▶ DATA PROVIDED
-=-=-=-=-

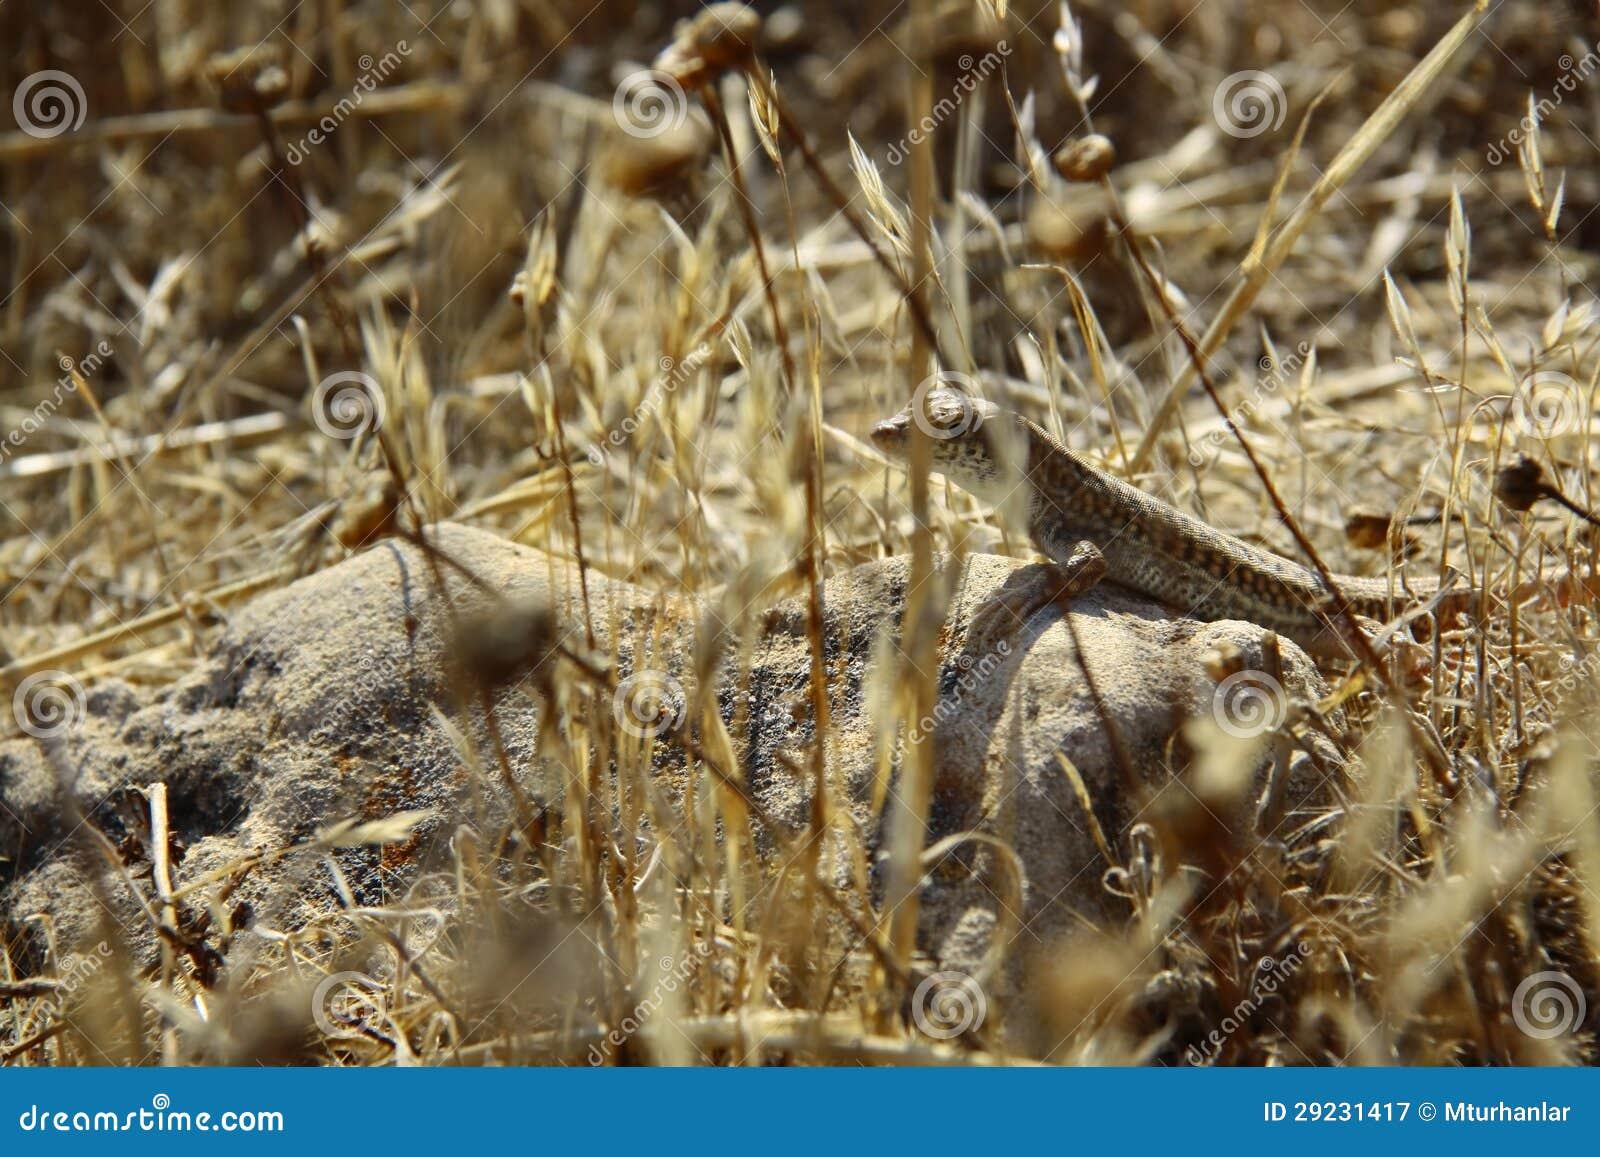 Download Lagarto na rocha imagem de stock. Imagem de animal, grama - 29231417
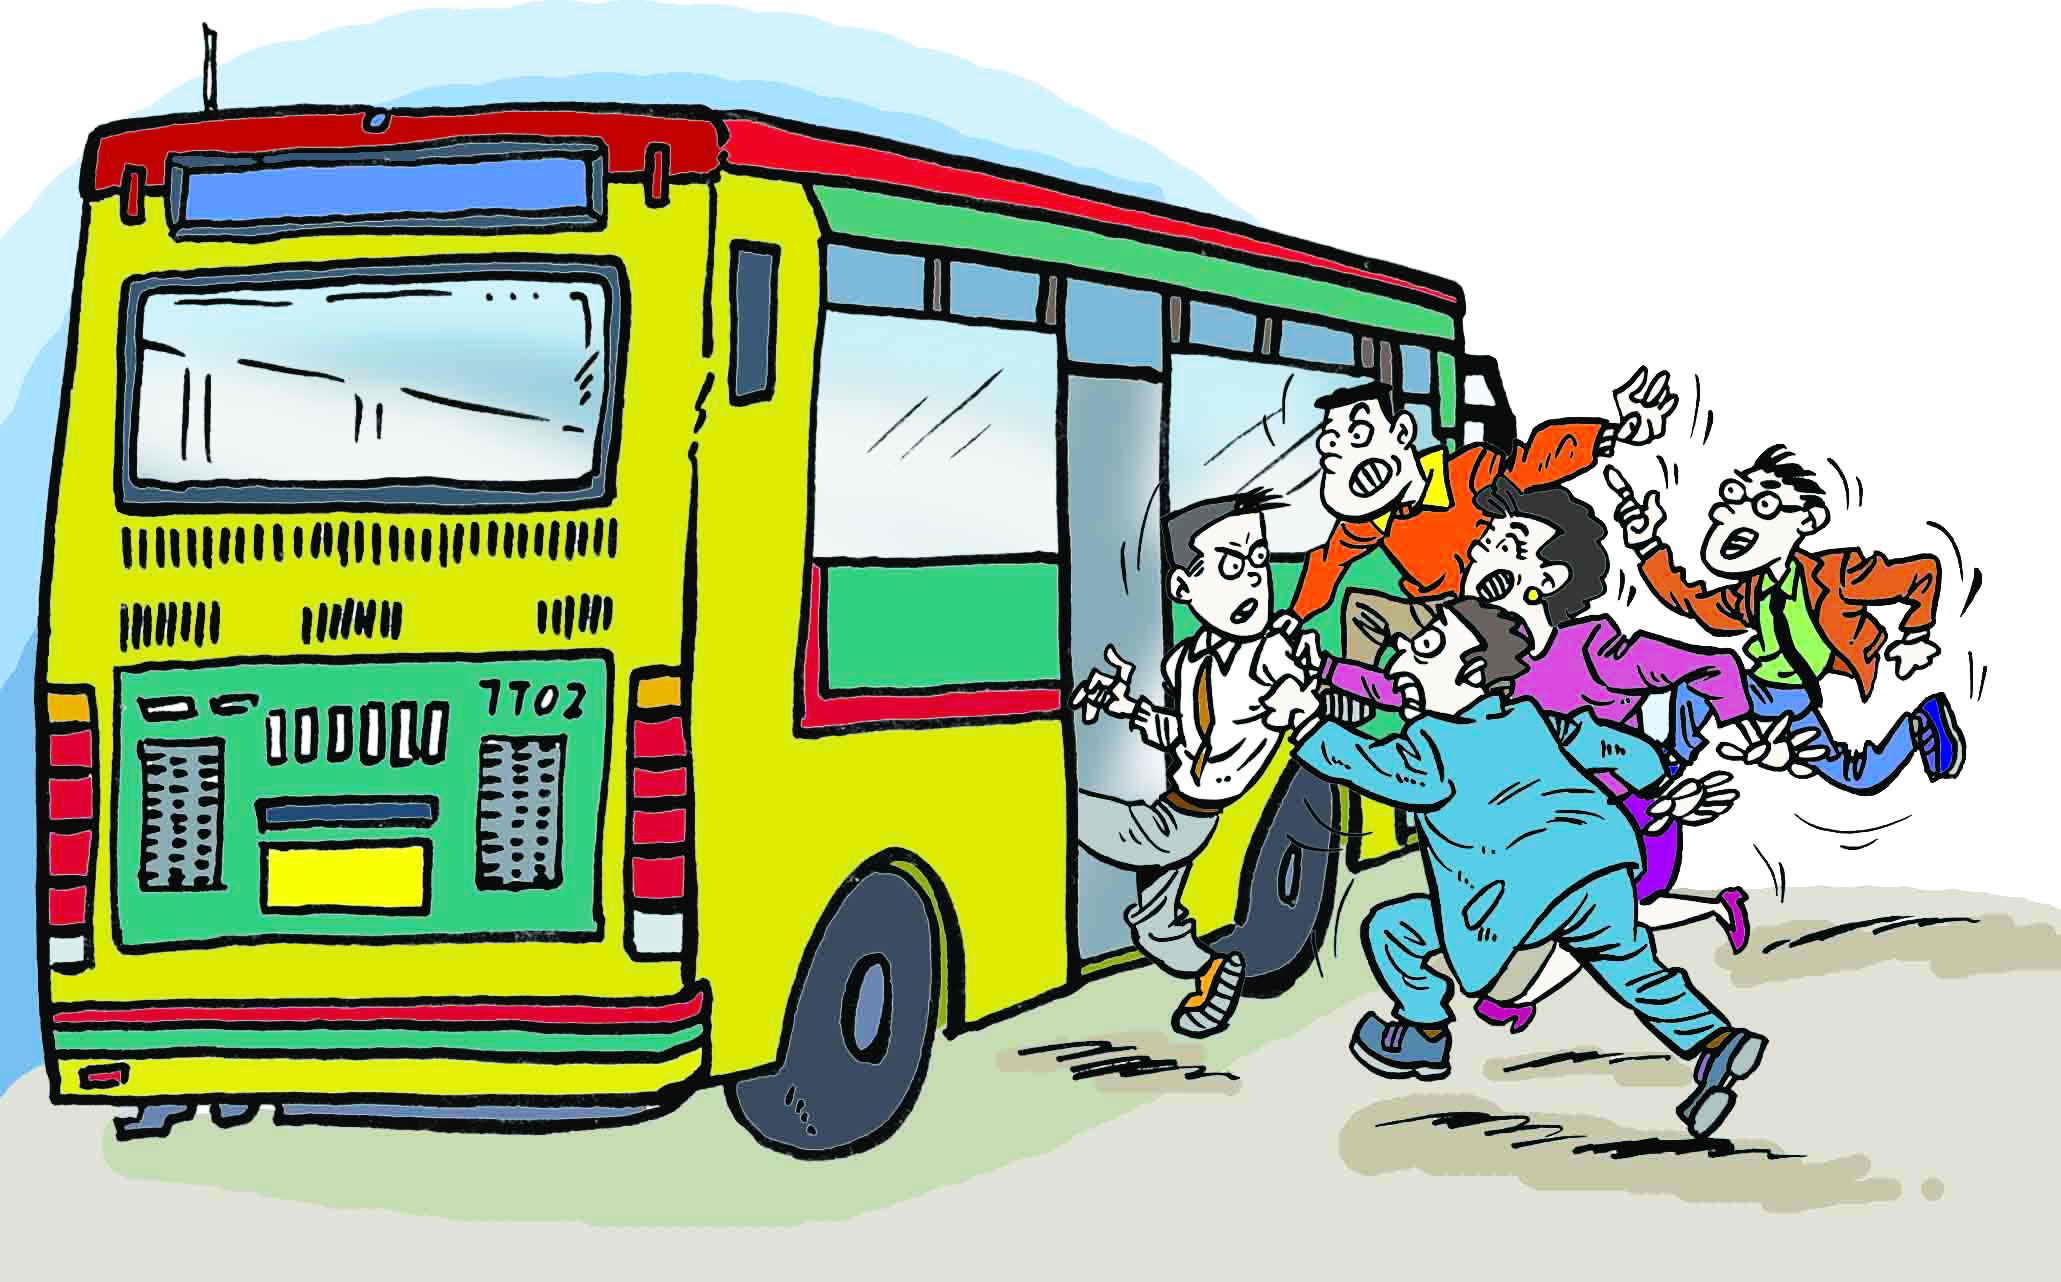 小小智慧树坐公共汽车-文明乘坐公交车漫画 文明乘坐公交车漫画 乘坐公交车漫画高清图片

-=-=-=-=-

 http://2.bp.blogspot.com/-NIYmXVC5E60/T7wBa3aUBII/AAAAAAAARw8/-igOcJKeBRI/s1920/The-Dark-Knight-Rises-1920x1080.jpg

-=-=-=-=-

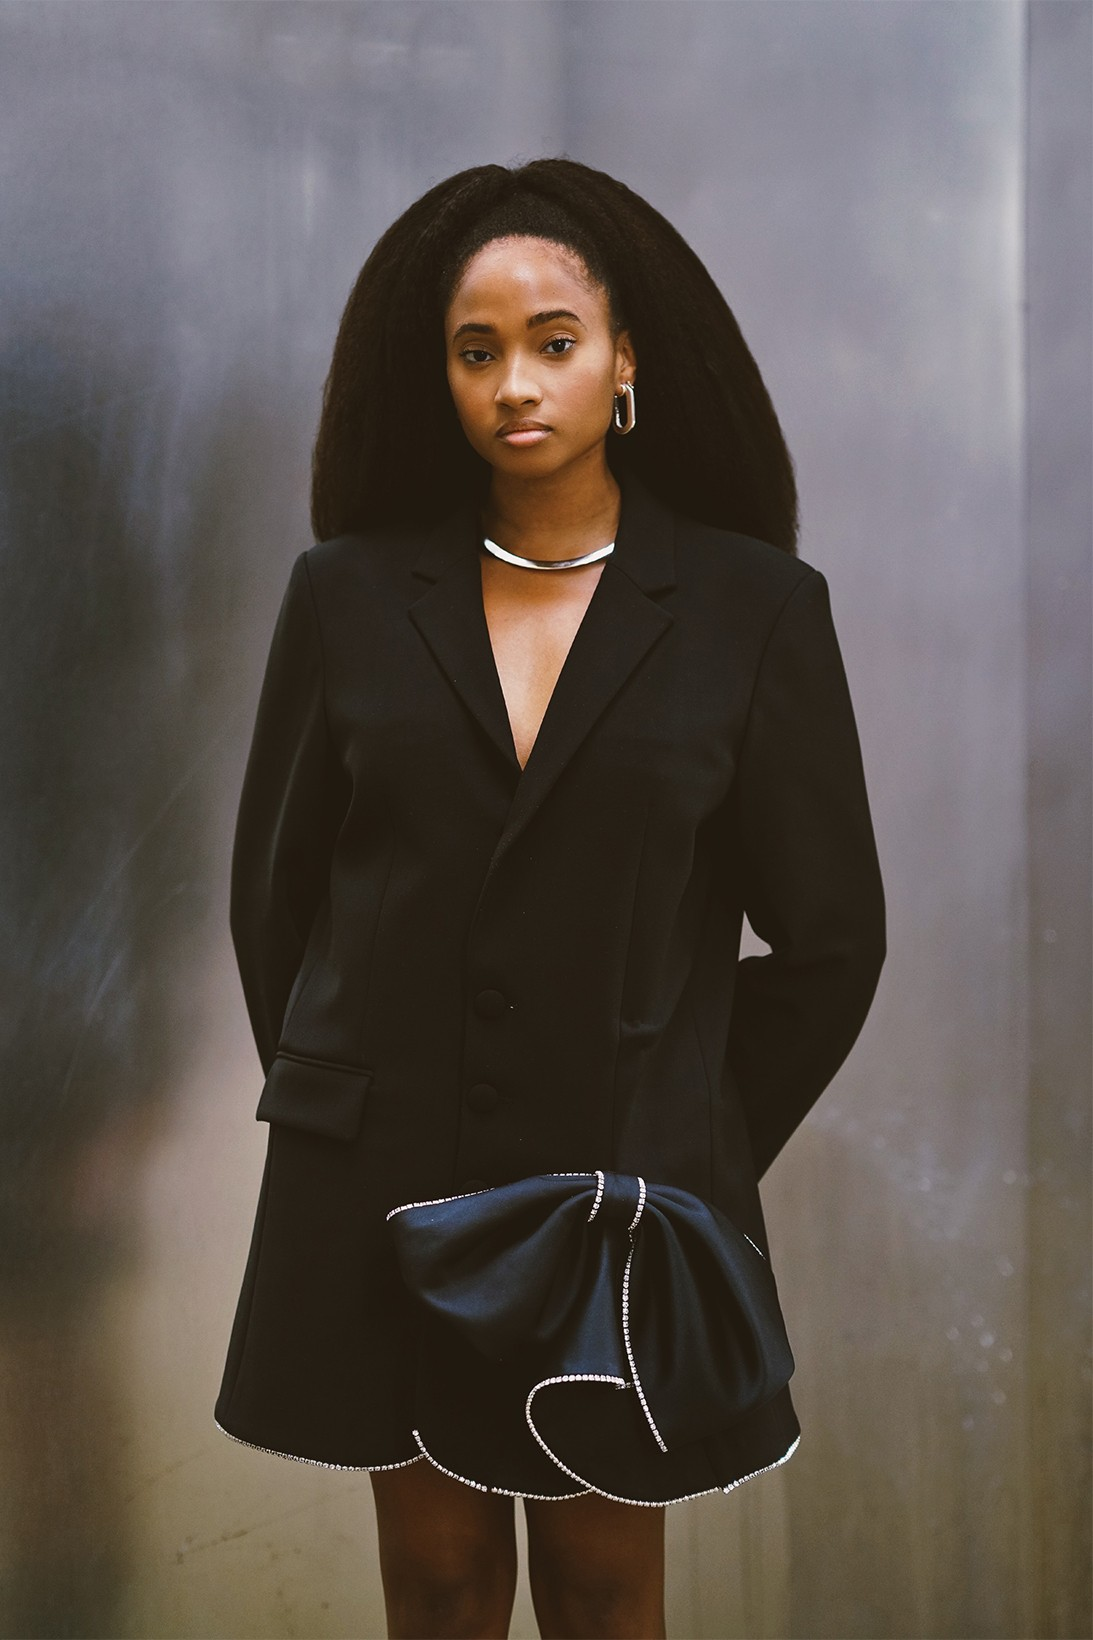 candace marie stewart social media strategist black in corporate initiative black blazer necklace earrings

-=-=-=-=-

▶ YOUR TASK
Pictures aside, return exactly the lines from the data above, starting at the line that has "Download Lagarto na" and ending at the line that has "小小智慧树坐公共汽车-文明乘坐公交车漫画 文明乘坐公交车漫画 乘坐公交车漫画高清图片", both included.

▶ REPLY
 Download Lagarto na rocha imagem de stock. Imagem de animal, grama - 29231417
 小小智慧树坐公共汽车-文明乘坐公交车漫画 文明乘坐公交车漫画 乘坐公交车漫画高清图片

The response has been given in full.